Moving the keys to the kingdom from the CI server into the cluster itself significantly reduces the external attack surface, but it fundamentally shifts the security boundary. The Git repository is now the ultimate control plane for your infrastructure. Whoever controls the repository controls the cluster. Therefore, securing the GitOps pipeline requires applying rigorous access controls and cryptographic verification directly to the version control system.

The most critical security implementation in a GitOps architecture is the requirement for cryptographically signed commits. If an attacker gains access to an engineer’s workstation or steals their Git credentials, they could push malicious infrastructure changes (such as opening a NodePort to expose an internal database) while impersonating the legitimate engineer.

Stop and think: If an attacker compromises a developer’s cloud provider credentials (like an AWS access key) but does not have their Git SSH signing key, can they successfully deploy a malicious workload to the production cluster in a Zero-Trust GitOps model?
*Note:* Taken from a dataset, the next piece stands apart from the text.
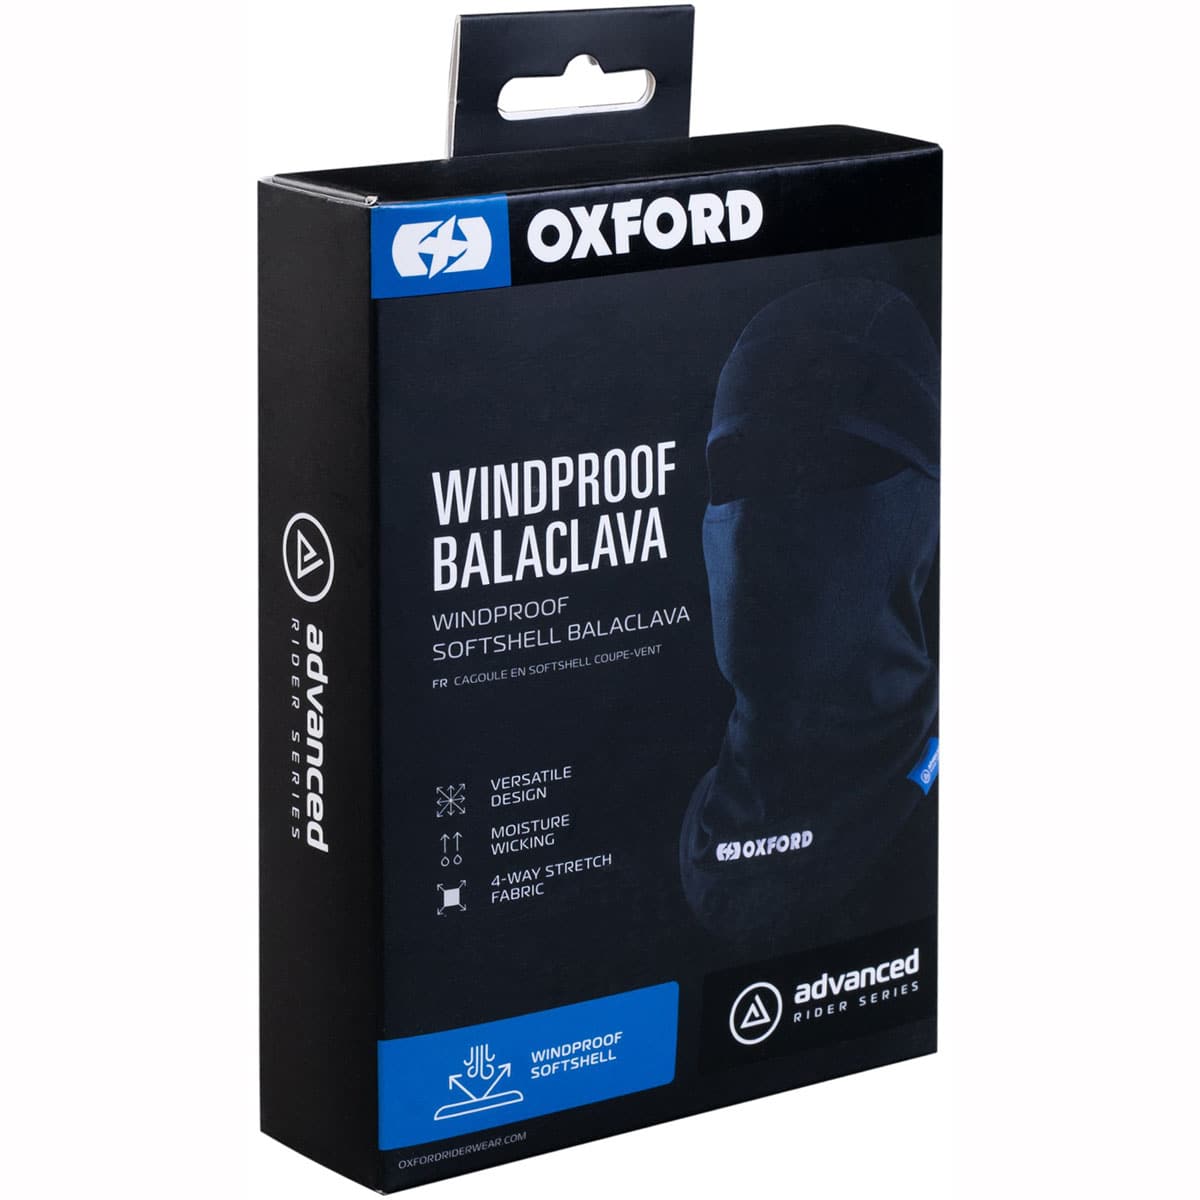 Oxford Advanced Windproof Balaclava: A windproof motorcycle baselayer

They cannot. Because the CI pipeline no longer pushes changes and the cluster operator has the sole authority to mutate state, external cloud credentials are useless for deployment. If the attacker attempts to push changes to the repository, branch protection rules will reject the commit because it lacks a valid cryptographic signature. The trust boundary has shifted securely to the version control system.

To prevent this supply chain attack, engineers must sign their commits using GPG keys or SSH keys tied to hardware security modules or strict identity providers. When a commit is signed, Git generates a cryptographic signature proving that the person who authored the commit holds the private key associated with their identity.

# Configuring Git to sign commits using an SSH key
git config --global gpg.format ssh
git config --global user.signingkey ~/.ssh/id_ed25519.pub
git config --global commit.gpgsign true

# Creating a signed commit (Git automatically uses the configured key)
git commit -S -m "feat: enforce network policies in production"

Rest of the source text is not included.